Of course, there will be changes in the asset mix too, as Miami condos will become very expensive for the Chinese, whereas the relative prices of bonds and stocks and their cash flows (interest payments and dividends) as well as upside potentials are not affected by the exchange rate.
In addition, although Chinese now receive less income from exports if they cannot find a substitute market, this does not mean their demand for foreign capital needs to decline. The Chinese pool of yuan savings is so large that even less income through trade would not make a dent in the appetite for overseas assets.
According to surveys conducted by the Financial Times in China, wealthy Chinese want to invest around 30 percent of their assets abroad, with the United States being the preferred destination. Right now, Credit Suisse estimates Chinese household wealth to be in the region of $29 trillion. And this does not include Chinese companies who are buying everything from foreign companies that fit their strategic needs just to get money out of the country.
It’s important to note that this analysis is only mathematically valid in a two-nation world economy. If other trading partners were involved, U.S. consumers could source products from other countries, the global U.S. trade deficit would not be reduced as much, and the yuan would not fall as much.
However, considering the Trump administration wants to reduce the global trade deficit, the analysis becomes valid again, although it is impossible to calculate the impact on all different exchange rate. The only conclusion: If asset allocation preferences around the world don’t shift and the trade deficit with the rest of the world goes down, the dollar would go up. By how much against which rate is impossible to say.
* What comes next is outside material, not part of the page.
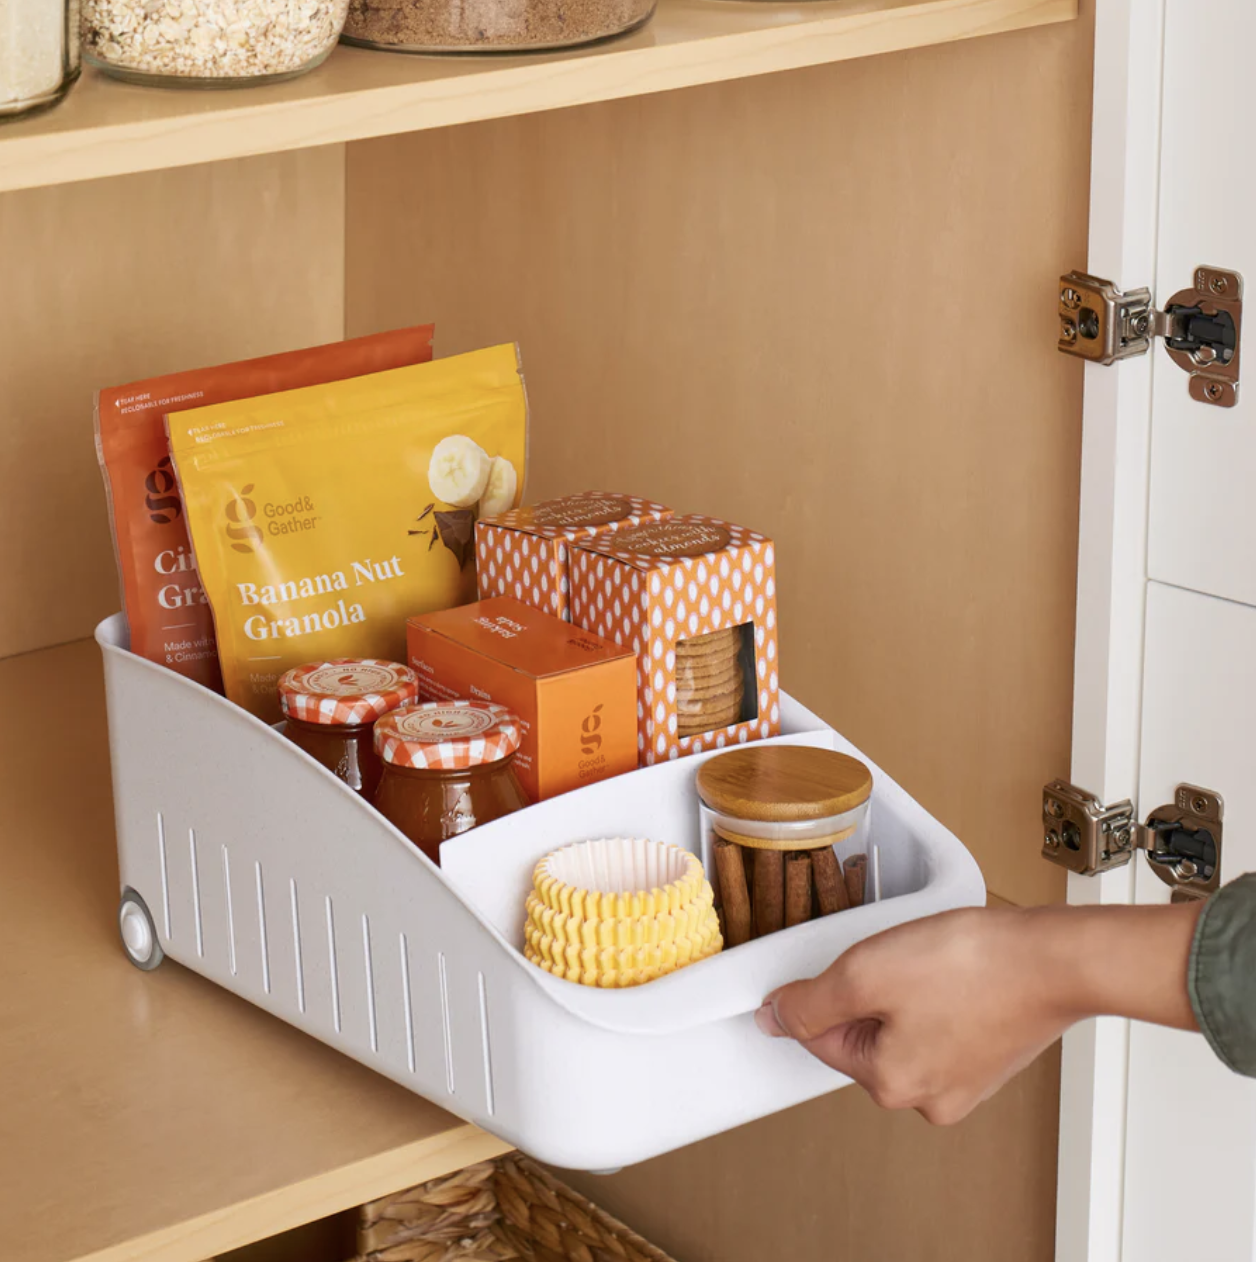 YouCopia® SinkSuite® Under Sink Cleaning Caddy

In the two nation world economy case, the adjustment would wreak havoc with the Chinese regime’s careful plans to centrally manage its currency, which is the biggest reason the Chinese would want to test the waters first with a $70 billion increase in imports and a corresponding reduction in the trade surplus.
Even in the multilateral word economy scenario, adjustments would take time and exchange rate volatility would increase, although the effects would wear off eventually.
Interestingly enough, tariffs on Chinese goods would lead to a much similar result. They make Chinese goods more expensive in dollar terms and represent an artificial devaluation in the U.S. dollar. They would thus reduce the trade deficit by limiting Chinese exports to the United States.
What they would not do is limit the amount of capital demanded by the Chinese for U.S. assets. And unless the tariff also includes a surcharge on Chinese investment in the United States (an artificial boost to the U.S. dollar), we would be confronted with similar exchange rate dynamics as in the example above.
In either case, absent significant changes in U.S. industrial policy and capital goods accumulation, the currency is the only variable to make the United States better off on world markets both from a production and a consumption perspective.
The deal won’t boost U.S. exports and industrial production, but the trade deficit will be reduced and U.S. consumers would get more bang for their buck. So as unlikely as the full $200 billion reduction is about to happen, from a U.S. perspective it may be worthwhile.